Comment 11 Víctor Manuel Jáquez Leal 2017-10-19 13:30:48 UTC
Review of attachment 361488 [details] [review]:

this patch doesn't make sense to me. It should be merged to other patch where logic is added, or just removed.
Comment 12 Víctor Manuel Jáquez Leal 2017-10-19 13:33:58 UTC
Review of attachment 361489 [details] [review]:

lgtm
Comment 13 Víctor Manuel Jáquez Leal 2017-10-19 13:46:52 UTC
Review of attachment 361490 [details] [review]:

::: gst-libs/gst/vaapi/gstvaapiencoder_h264.c
@@ +114,3 @@
+  GST_VAAPI_ENCODER_H264_PREDICTION_DEFAULT = 0,
+  GST_VAAPI_ENCODER_H264_PREDICTION_HIERARCHICAL_P = 1,
+  GST_VAAPI_ENCODER_H264_PREDICTION_HIERARCHICAL_B = 2

AFAIU in this case there is no need to set a manual value to the enums, since that is the default

@@ +132,3 @@
+      {GST_VAAPI_ENCODER_H264_PREDICTION_HIERARCHICAL_B,
+            "Hierarchical B frame encode",
+          "hierarchical-b"}

The GEnumValue array must be terminated by a struct with all members being 0. 

{0, NULL, NULL},
Comment 14 Víctor Manuel Jáquez Leal 2017-10-19 13:53:08 UTC
Review of attachment 361492 [details] [review]:

::: gst-libs/gst/vaapi/gstvaapiencoder_h264.c
@@ +2852,3 @@
+    reorder_pool->prev_frame_is_ref = TRUE;
+  else
+    reorder_pool->prev_frame_is_ref = FALSE;

this would be simpler as

reorder_pool->prev_frame_is_ref = GST_VAAPI_ENC_PICTURE_IS_REFRENCE (picture);

or even better

reorder_pool->prev_frame_is_ref = GST_VAAPI_ENC_PICTURE_IS_REFRENCE (picture) || GST_VAAPI_ENC_PICTURE_IS_IDR (picture);

removing the up assignation
Comment 15 Víctor Manuel Jáquez Leal 2017-10-19 14:31:21 UTC
Review of attachment 361493 [details] [review]:

::: gst-libs/gst/vaapi/gstvaapiencoder_h264.c
@@ +1931,3 @@
+
+  if (picture->type != GST_VAAPI_PICTURE_TYPE_B)
+    return TRUE;

these two lines don't make sense. Perhaps they should be merged in the next patch
Comment 16 Víctor Manuel Jáquez Leal 2017-10-19 14:44:44 UTC
Review of attachment 361494 [details] [review]:

also, please correct the log message: differnt => different, comma usage
Comment 17 Víctor Manuel Jáquez Leal 2017-10-19 14:44:58 UTC
Review of attachment 361493 [details] [review]:

check also the commit log message
Comment 18 sreerenj 2017-10-20 12:53:08 UTC
Hyunjun, thanks for bringing these patches to Bugzilla!

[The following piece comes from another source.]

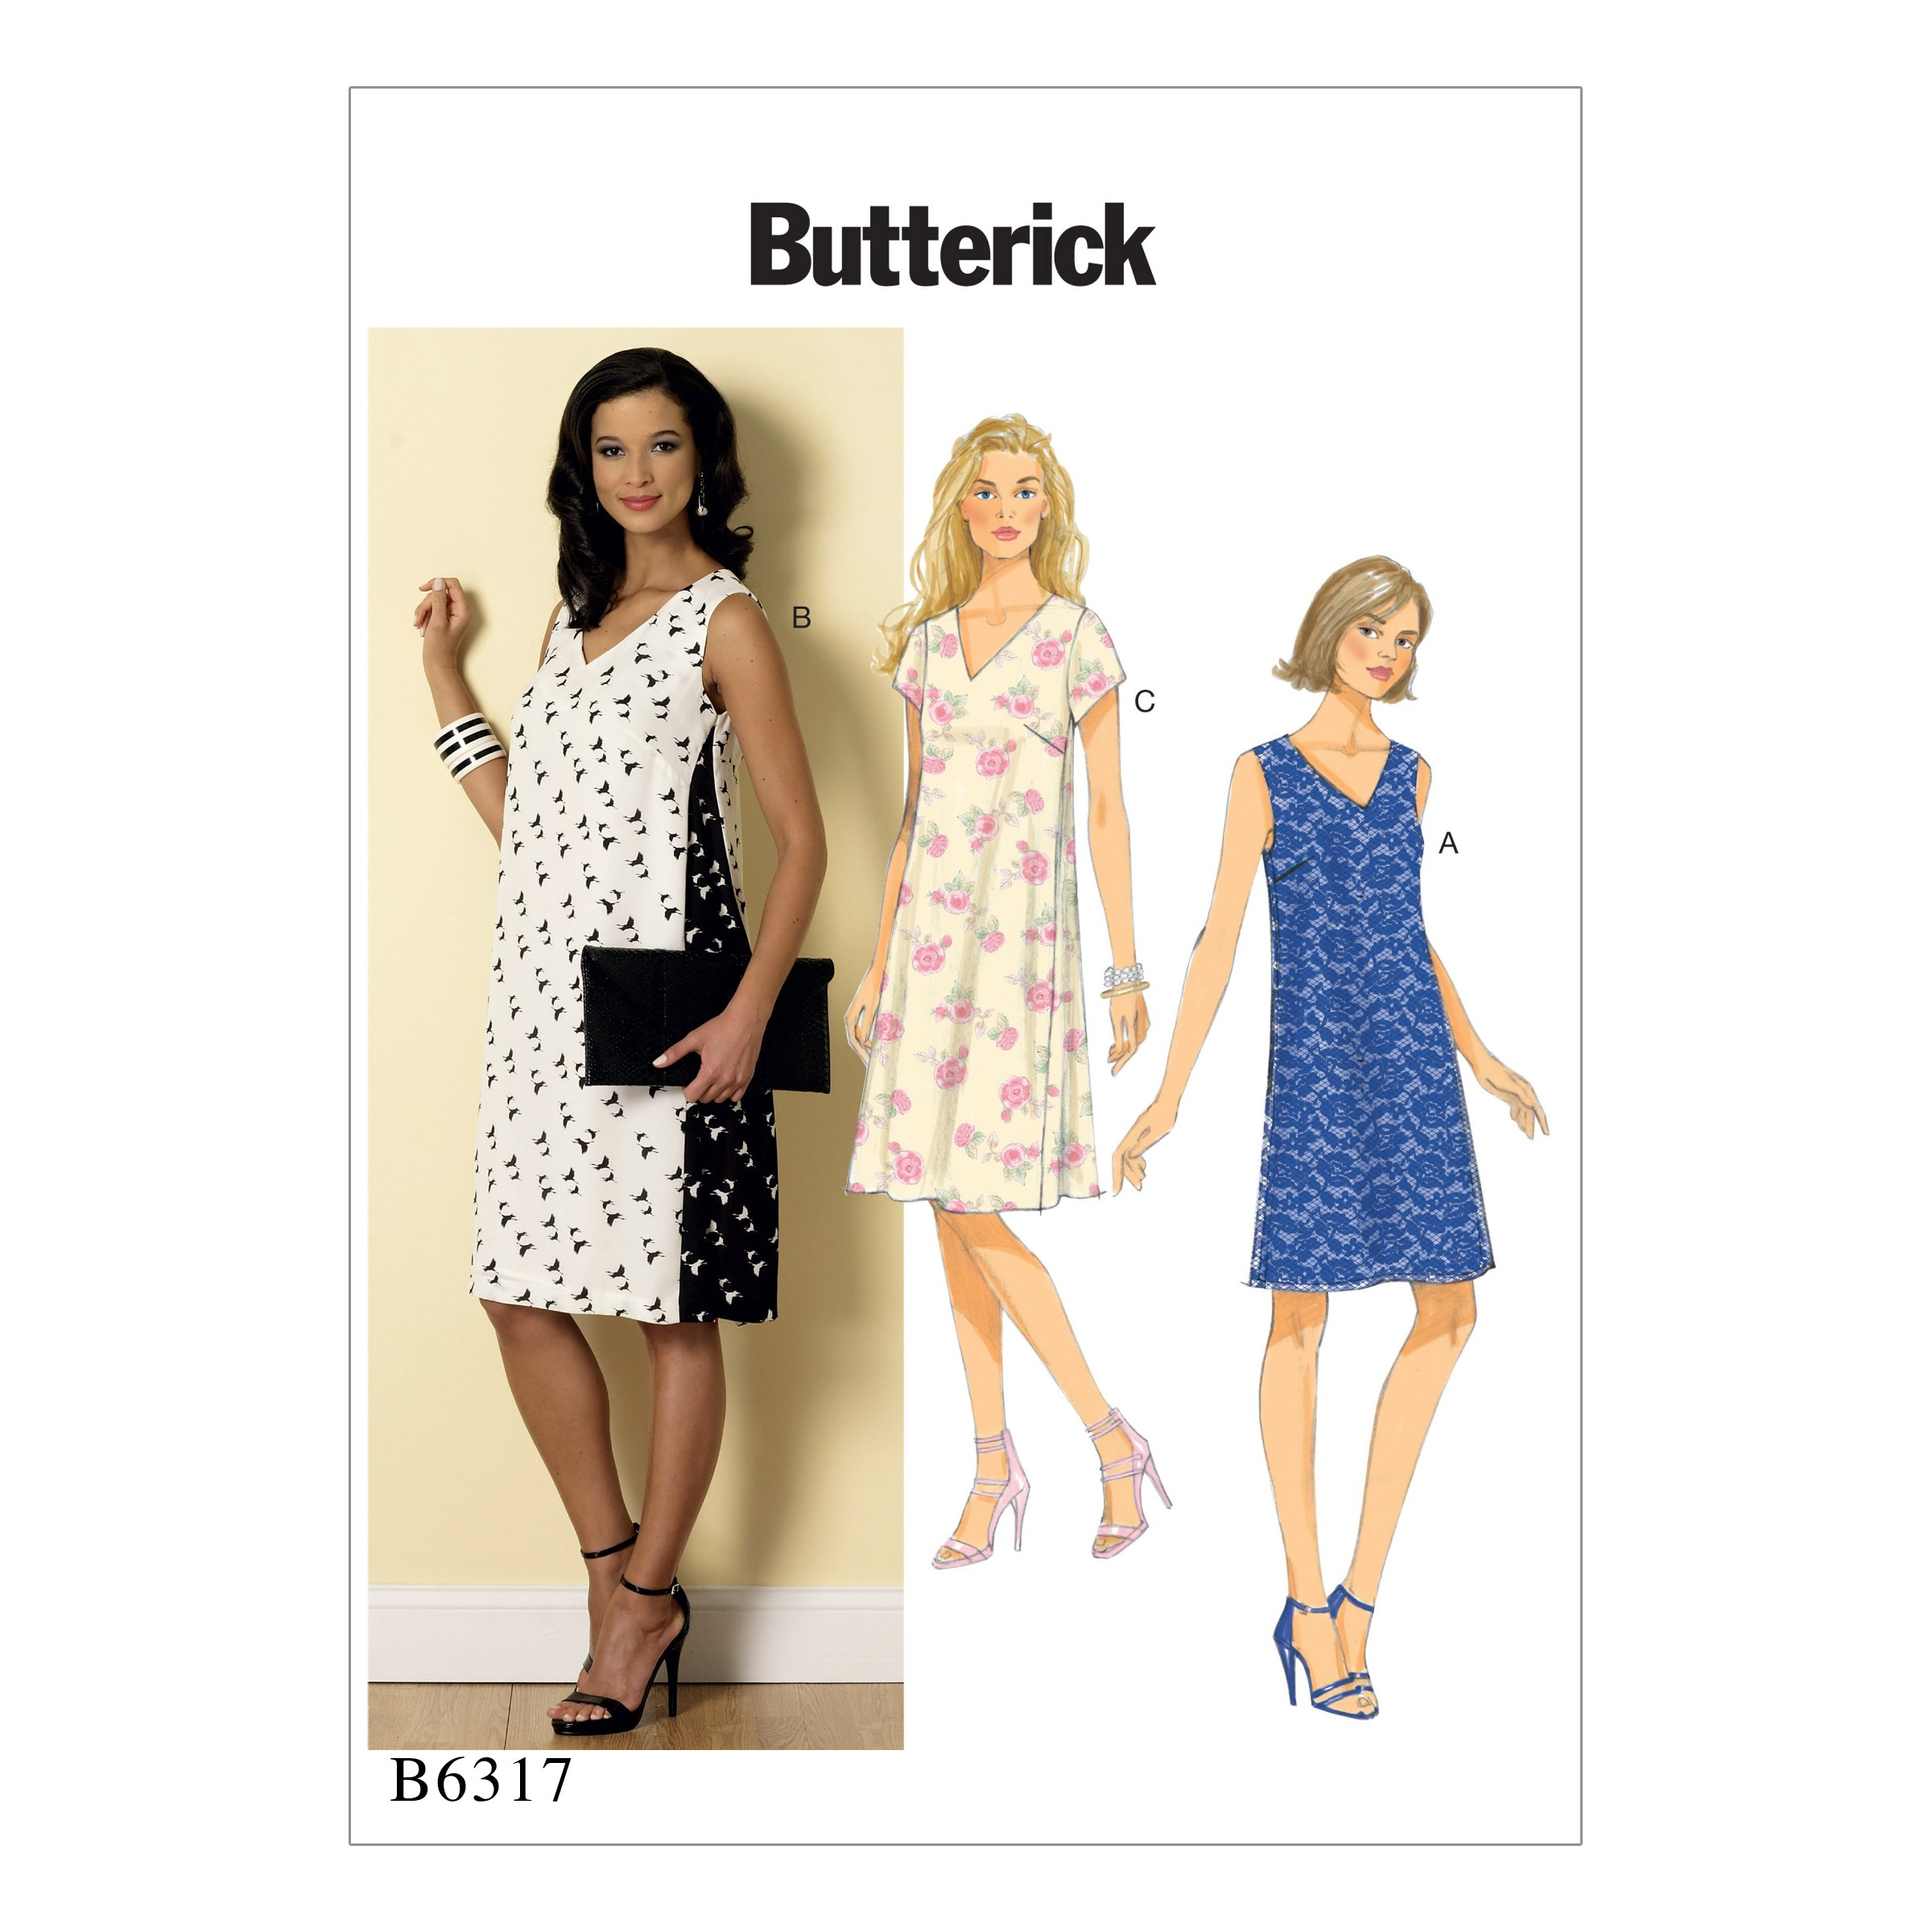 Butterick Sewing Pattern 6317 Misses' Pullover V-Neck Dresses

BTW please make sure the low-power encoding is disabled in Hierarchical-B (B-frames are not supported by the intel driver in VDENC/low-power).

@Victor: Thanks for the review :)
Comment 19 Hyunjun Ko 2017-10-20 13:22:52 UTC
Created attachment 361945 [details] [review]
libs: encoder: h264: Add property "temporal-levels"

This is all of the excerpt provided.